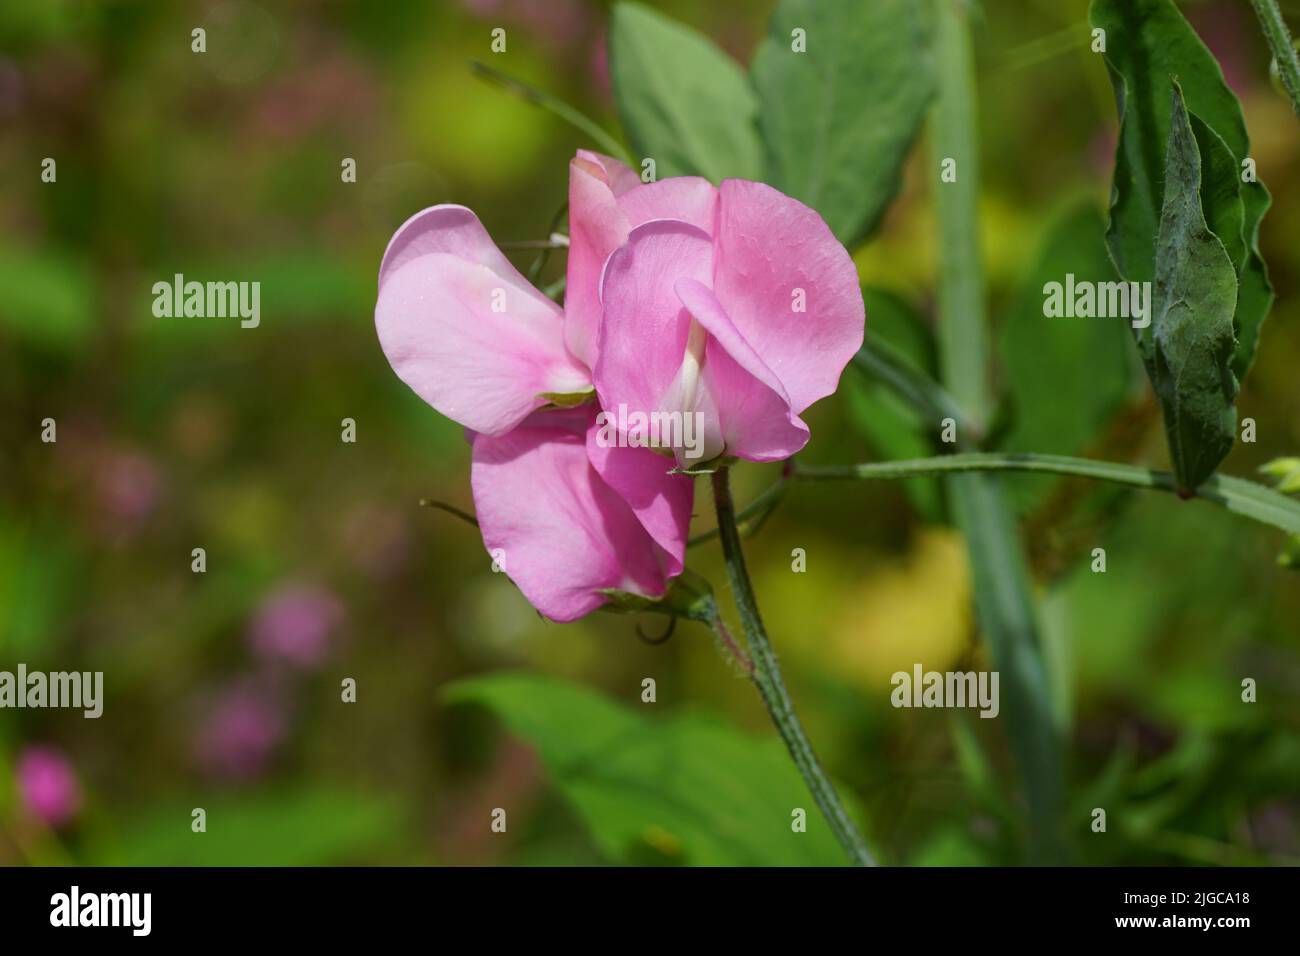 Close up pale pink flowers of everlasting pea (Lathyrus latifolius) of the pea family Fabaceae. Summer, July in a Dutch garden. Stock Photo
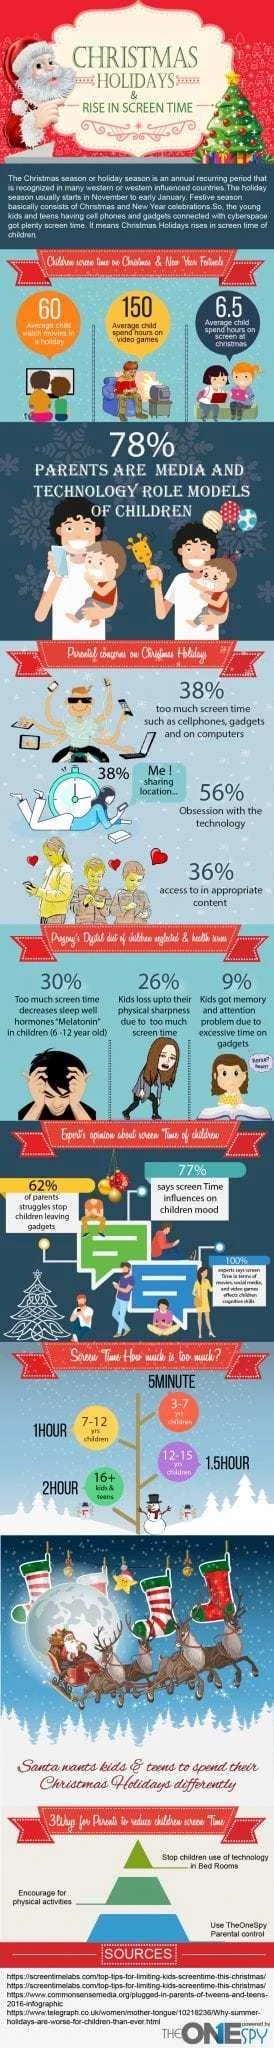 Christmas Holidays & Rise in Screen Time Infographic
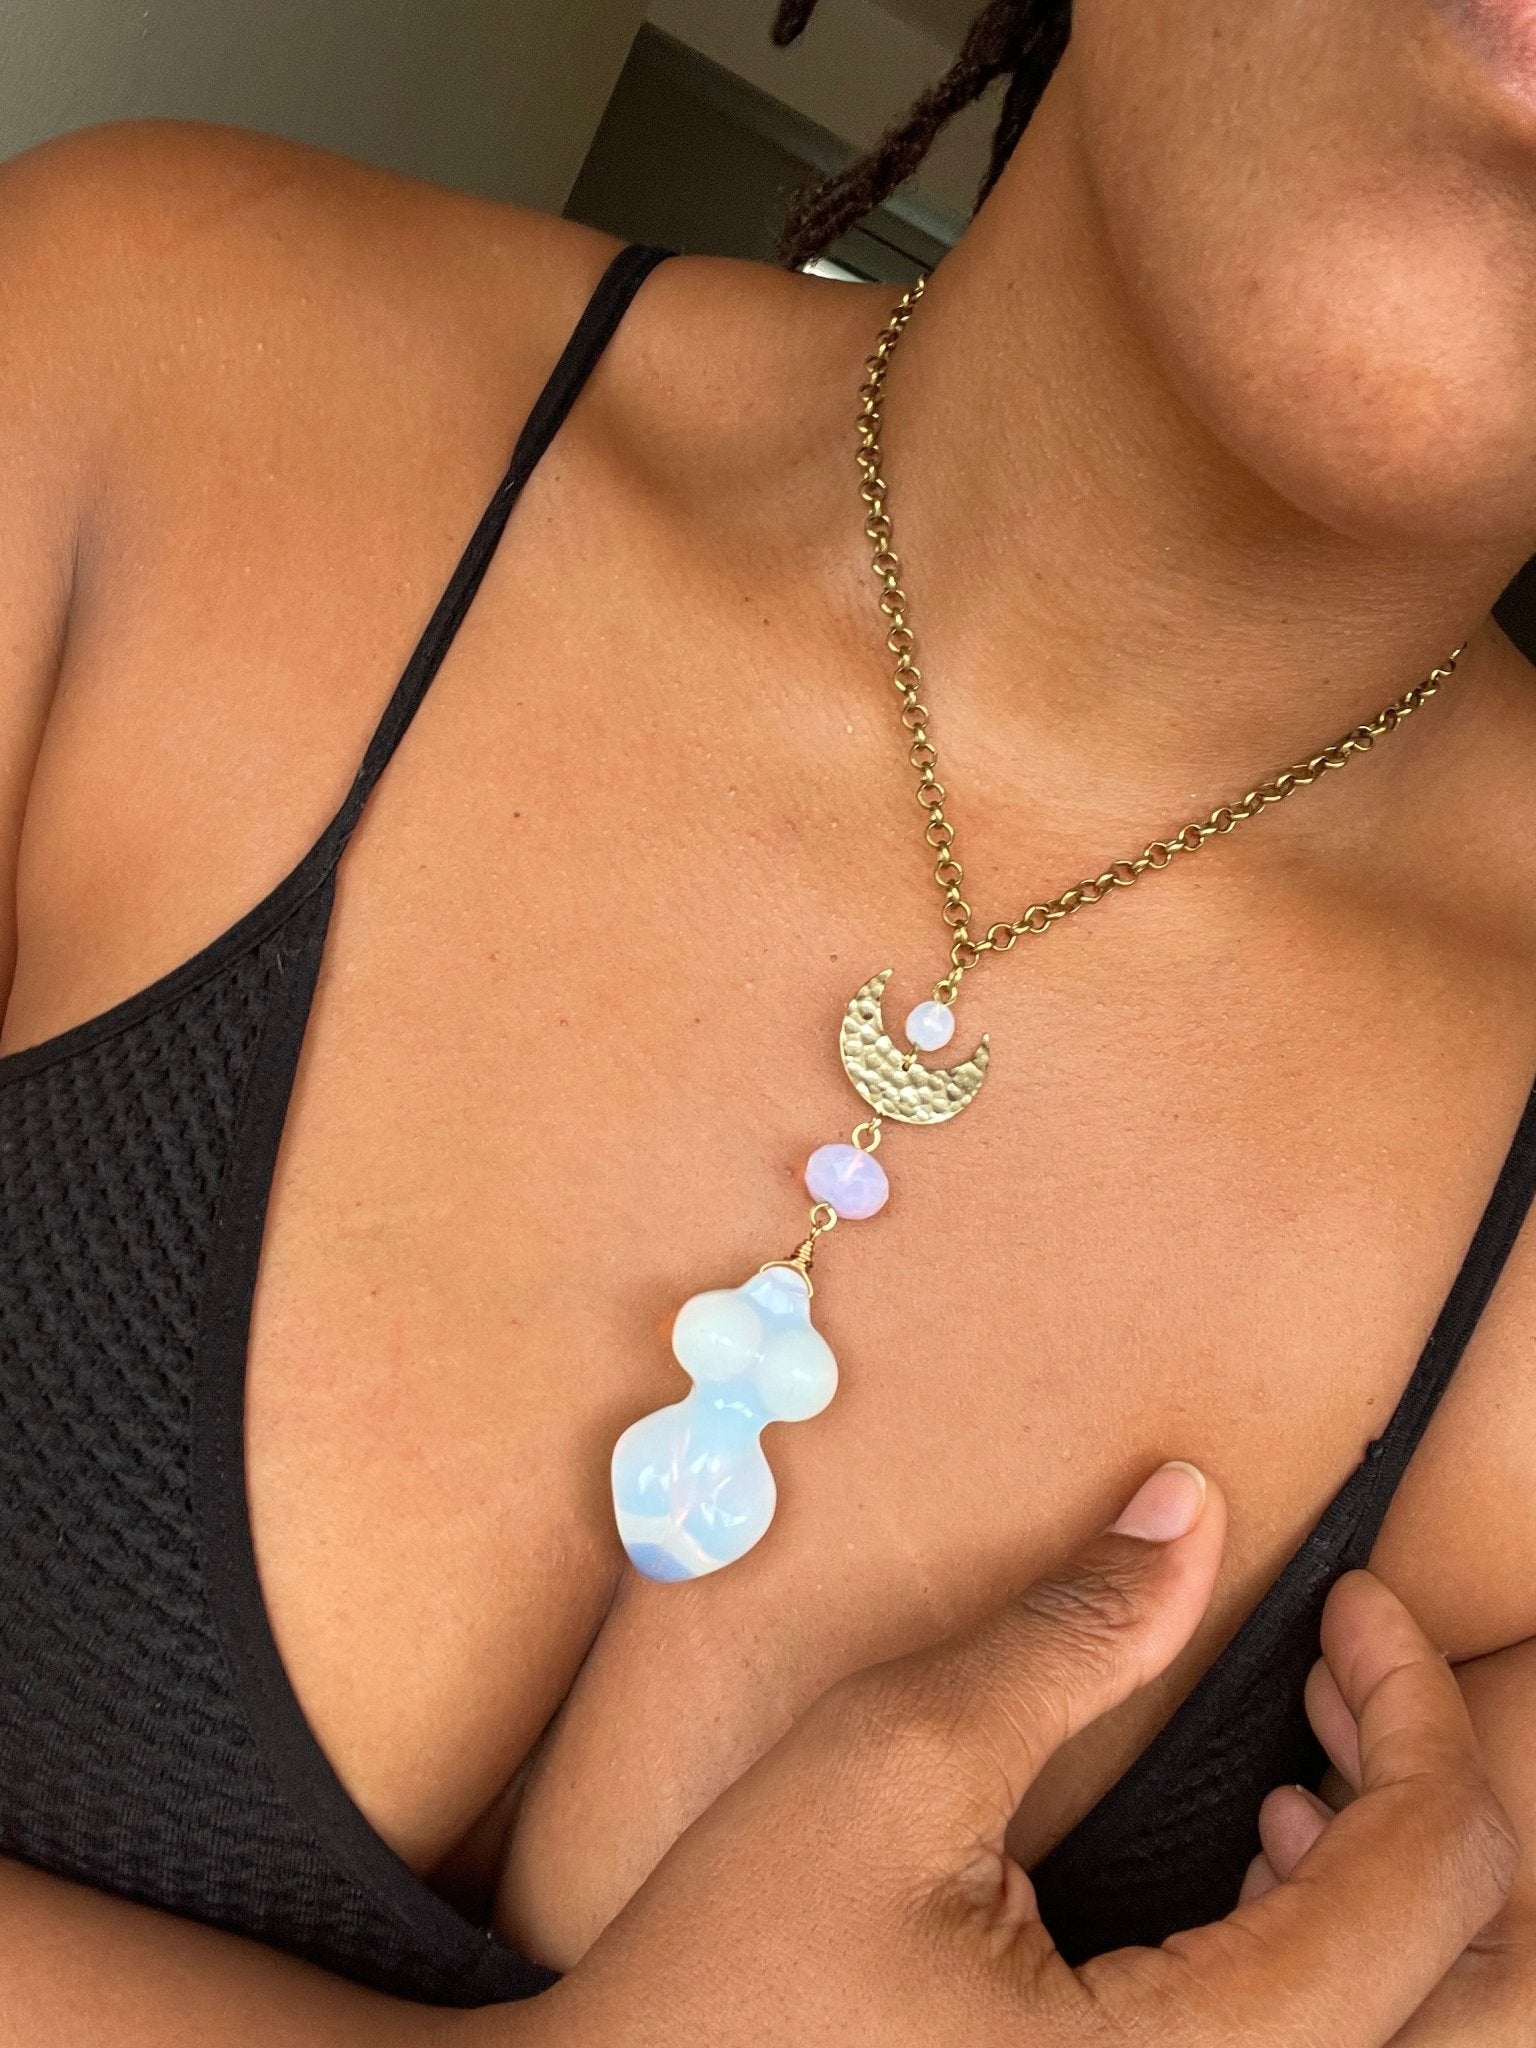 The Moon Goddess Opalite Necklace - We Love Brass
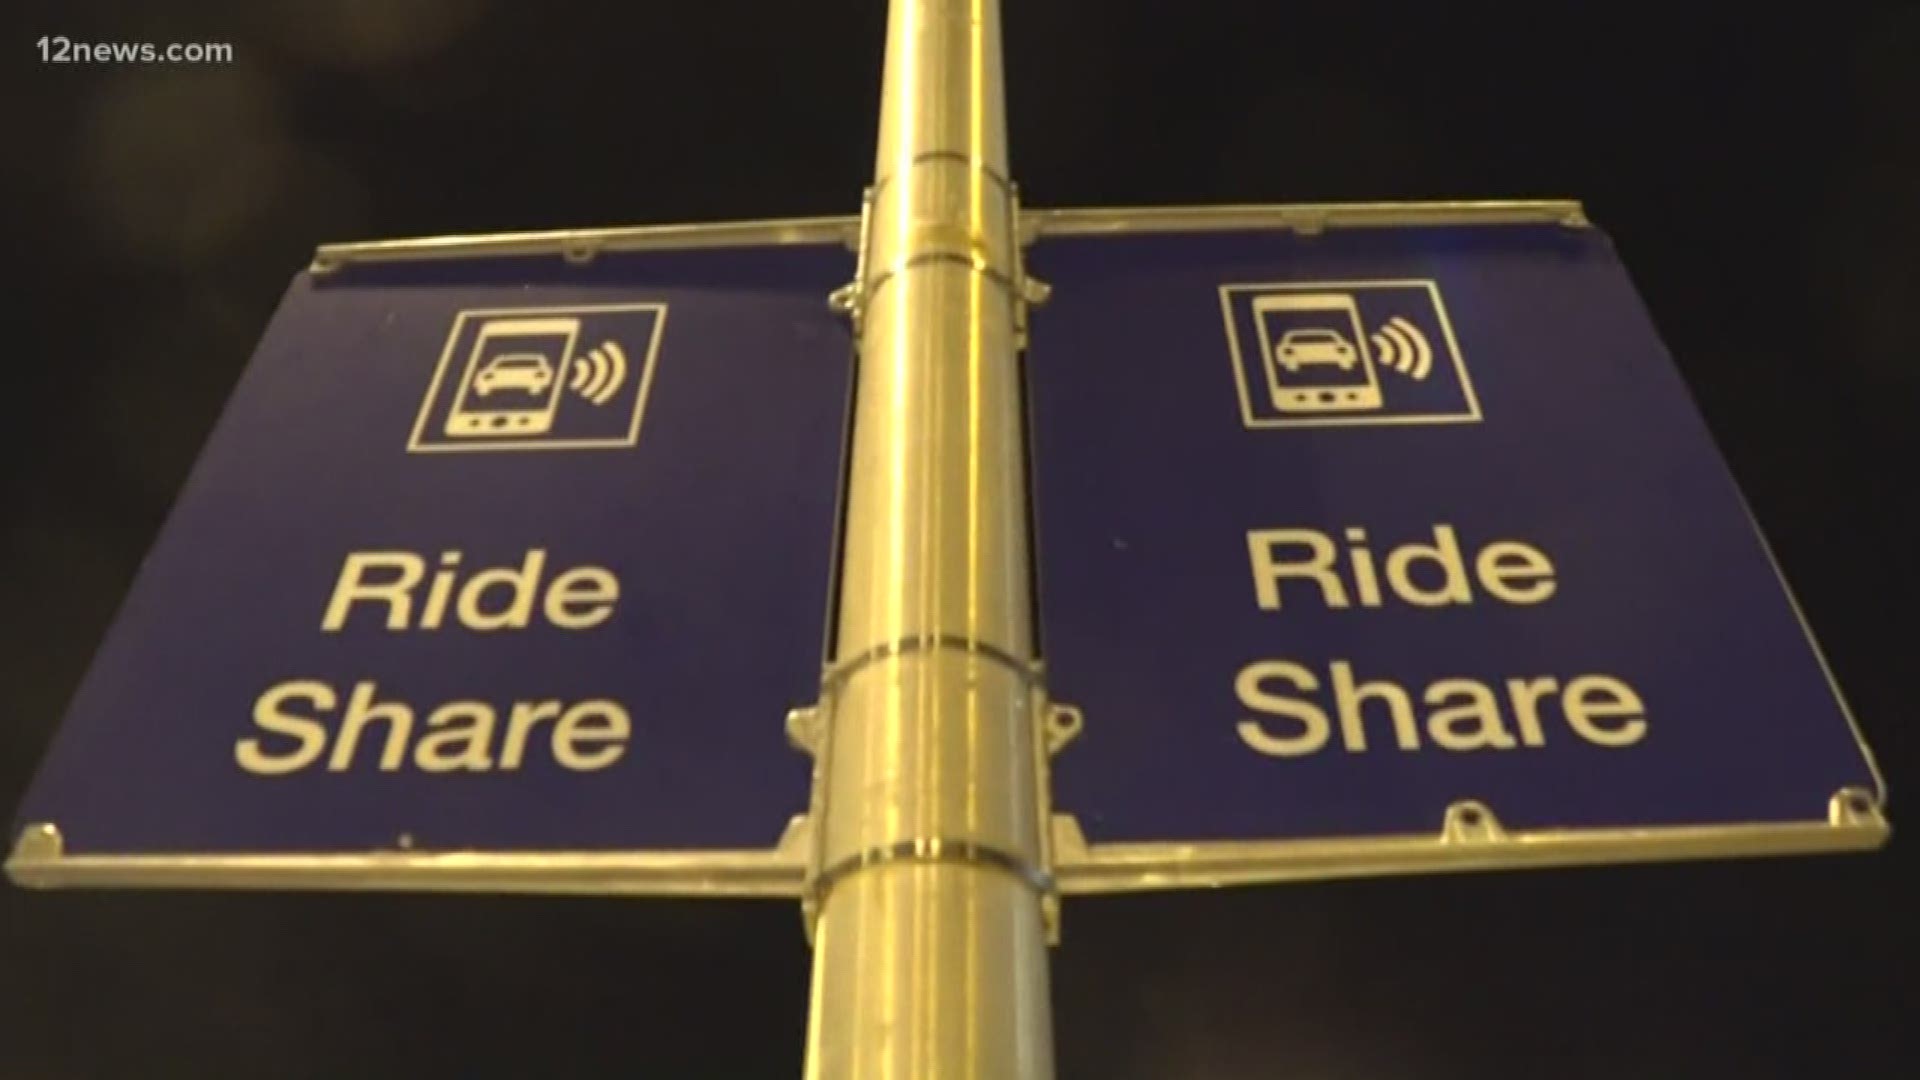 A 7-2 vote by the Phoenix City Council approved increased fees for rideshare companies at Sky Harbor Airport. Fees would increase from $2.66 to $4.
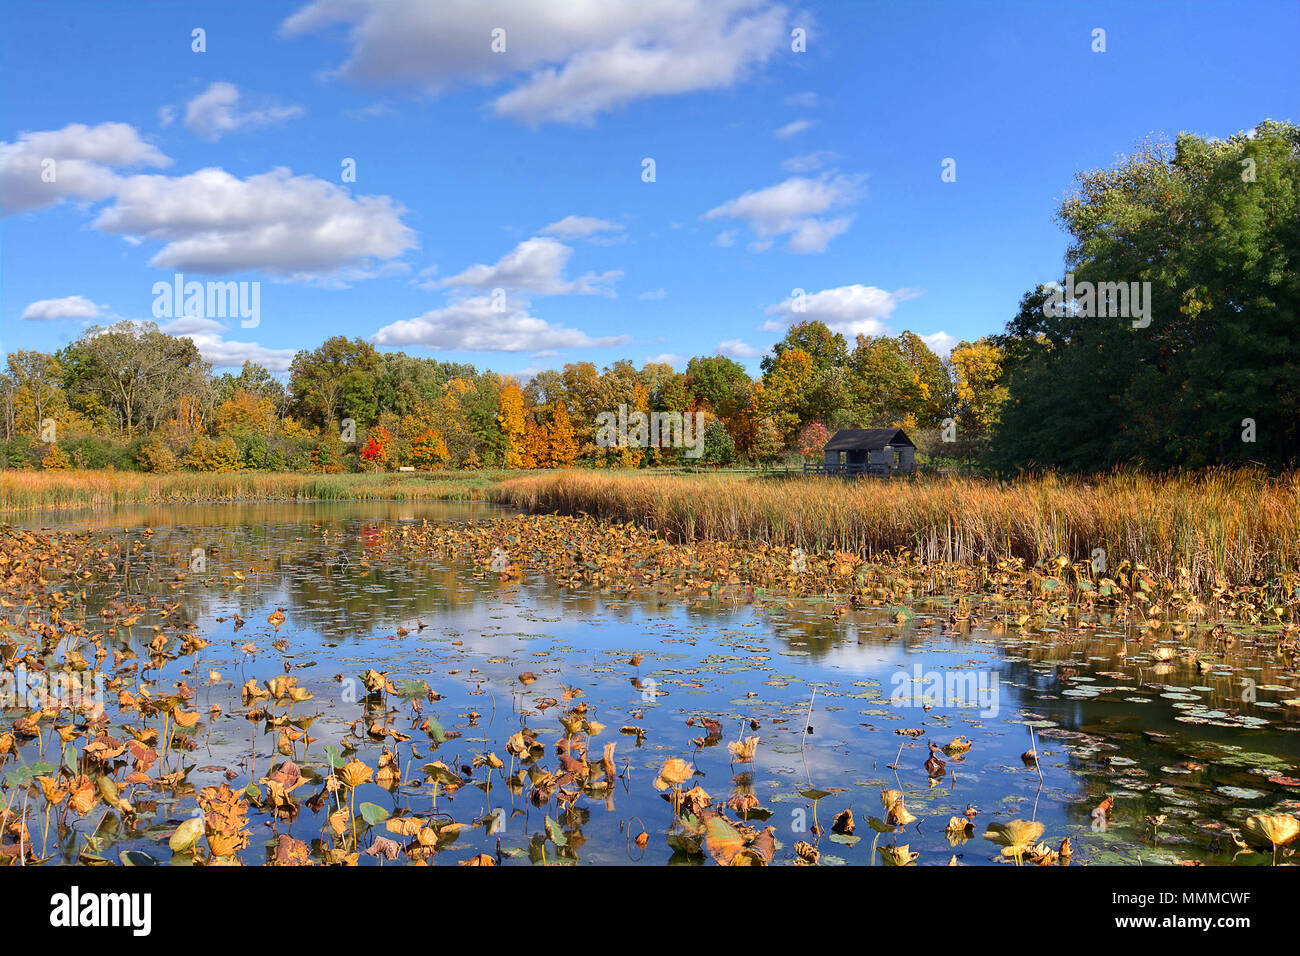 A beautiful autumn scene at a tranquil fishing pond in Ohio. The pond features a rustic shelter house. Located in the W.W. Knight Nature Preserve. Stock Photo

**ASSIGNMENT**
Only exact repeats of the lines from the one containing "Christmas Holidays &" through the end of the listing above are wanted here; pictures are not.

**ANSWER TO THIS TASK**
 Christmas Holidays & Rise in Screen Time Infographic
 The Moon Goddess Opalite Necklace - We Love Brass
 A 7-2 vote by the Phoenix City Council approved increased fees for rideshare companies at Sky Harbor Airport. Fees would increase from $2.66 to $4.
 A beautiful autumn scene at a tranquil fishing pond in Ohio. The pond features a rustic shelter house. Located in the W.W. Knight Nature Preserve. Stock Photo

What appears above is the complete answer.